I was looking at the Wikipedia article for Sokoto when I noticed the “Name and etymology” section, which begins: “The name Sokoto (which is the modern/anglicised version of the local name, Sakkwato) is of Arabic origin, representing sooq, ‘market’ in English.” Is this true? If so, how is it derived? Sounds like folk etymology to me, but others will know more.
Looks quite impossible to me. (Sakkwato is correct for the Hausa name, though.)
But then, kasuwa “market” really is derived from Arabic su:q (via Kanuri), so who knows?
Folk etymology isn’t much of a thing with toponyms in Western-Oti-Volta-speaking country*, as most toponyms are actually fairly transparent. (Ethnonyms are another matter, doubtless because hardly any of those are transparent. I have been confidently informed that “Kusaasi” comes from the Hausa kusa “near”, for example; which probably seems less far-fetched if you’re close to some Kusaasi people at the time …)
But I think the names of the various Hausa states are another matter. None of them seem to mean anything other than themselves.

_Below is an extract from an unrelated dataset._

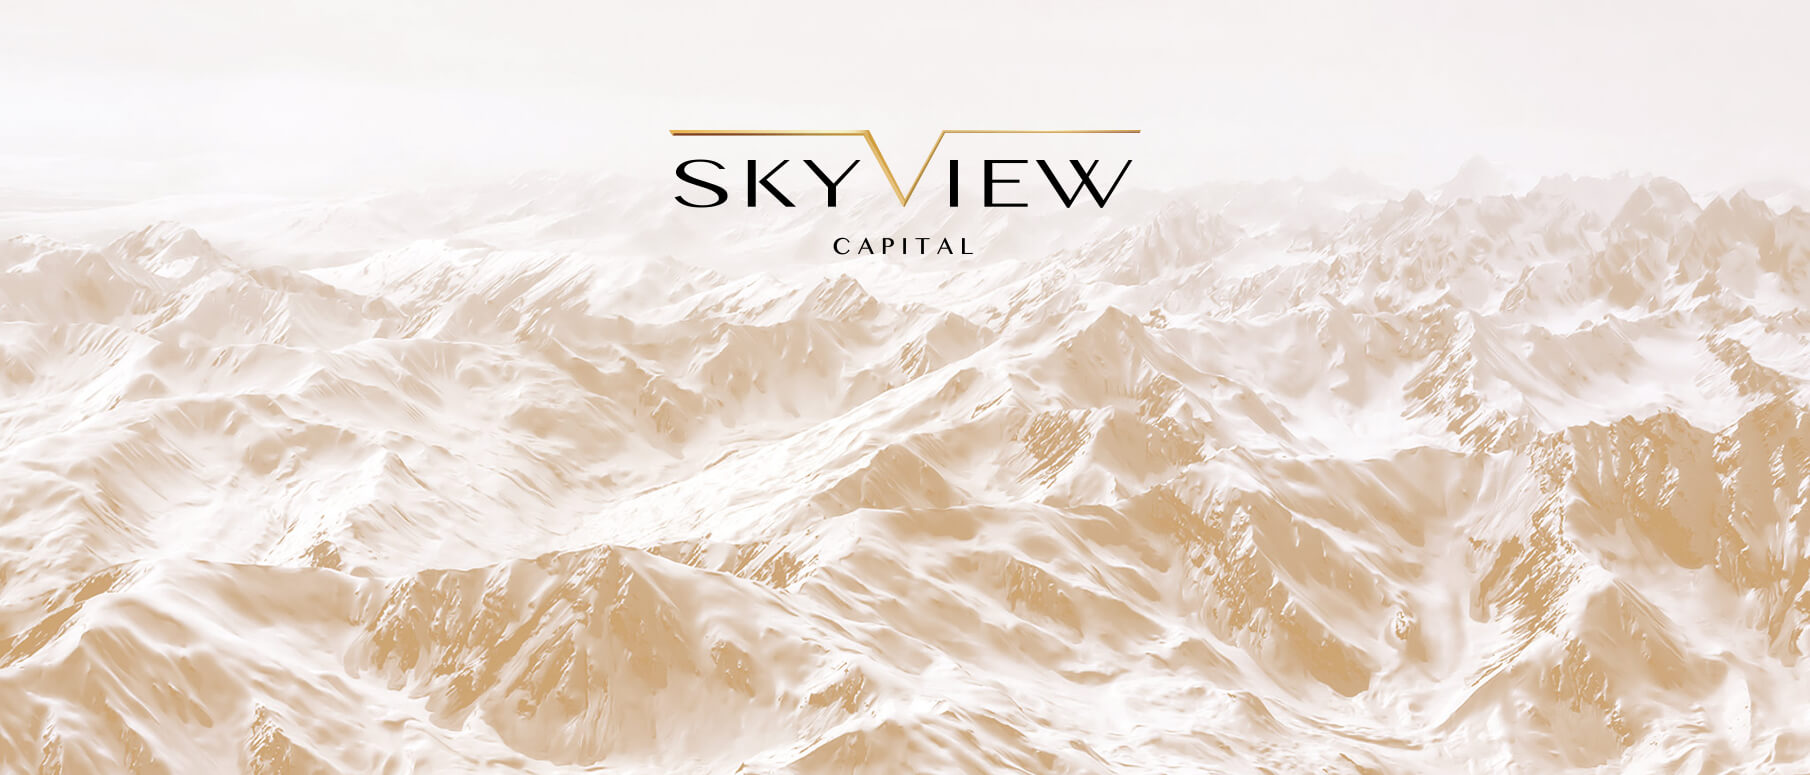 Skyview Capital - Continuum
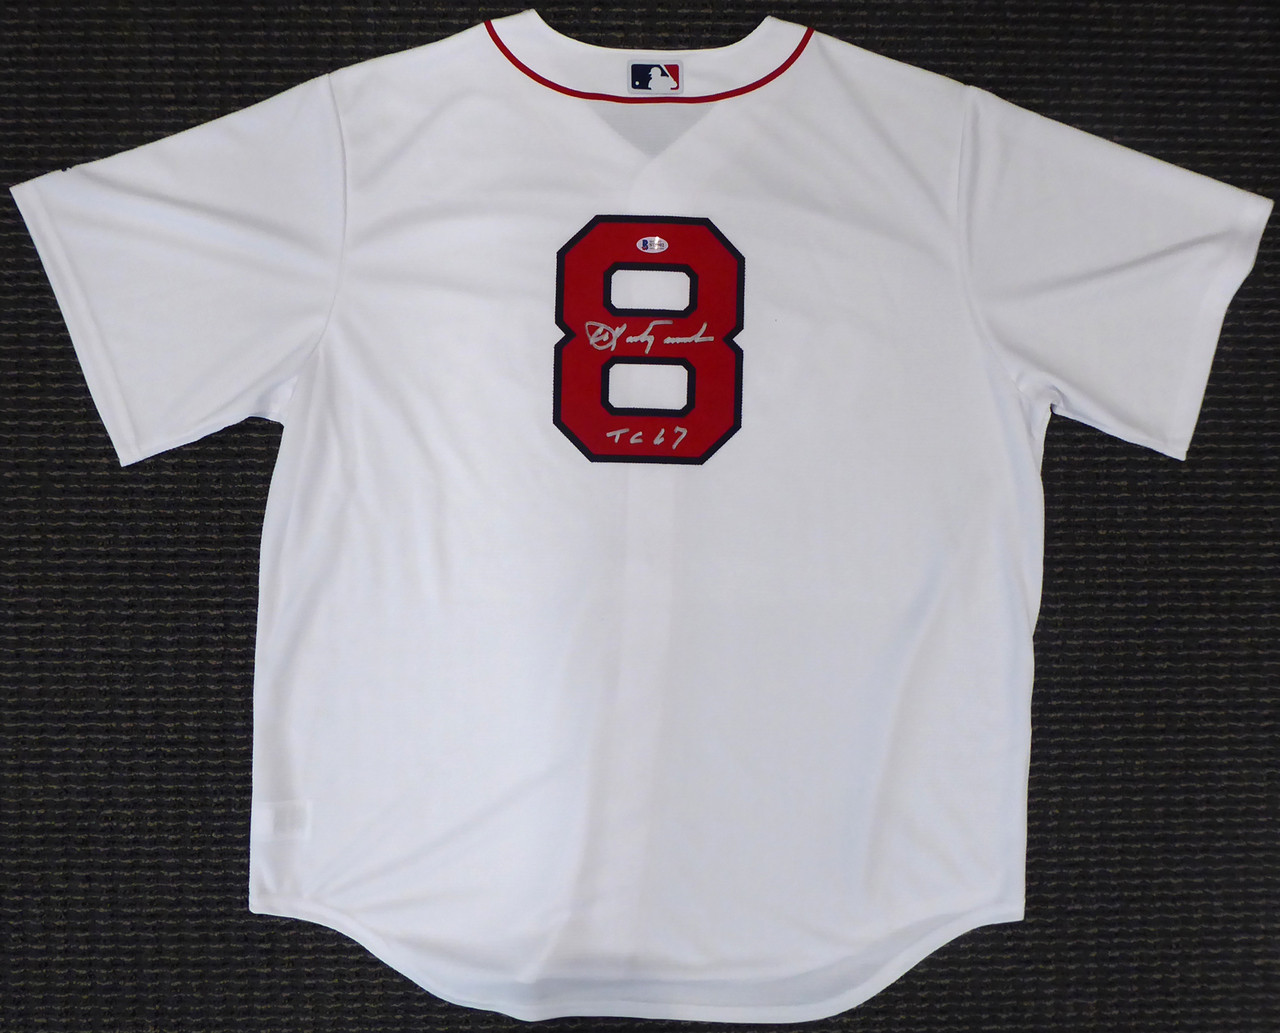 Carl Yastrzemski Autographed Jersey - Boston Red Sox White

* Having said that, “Ouagadougou” gets some spectacular ones sometimes. I like the current WP suggestion that it may be from Soninke: it doesn’t seem analysable in Mooré, anyhow.
Looks quite impossible to me.
I’m glad I’m not the only one.
“Market” tout court actually doesn’t strike me as all that likely as a place name. “New Market”, sure, (like the famous Sanjak), “So-and-so’s Market”, or whatever, but not just “Market.”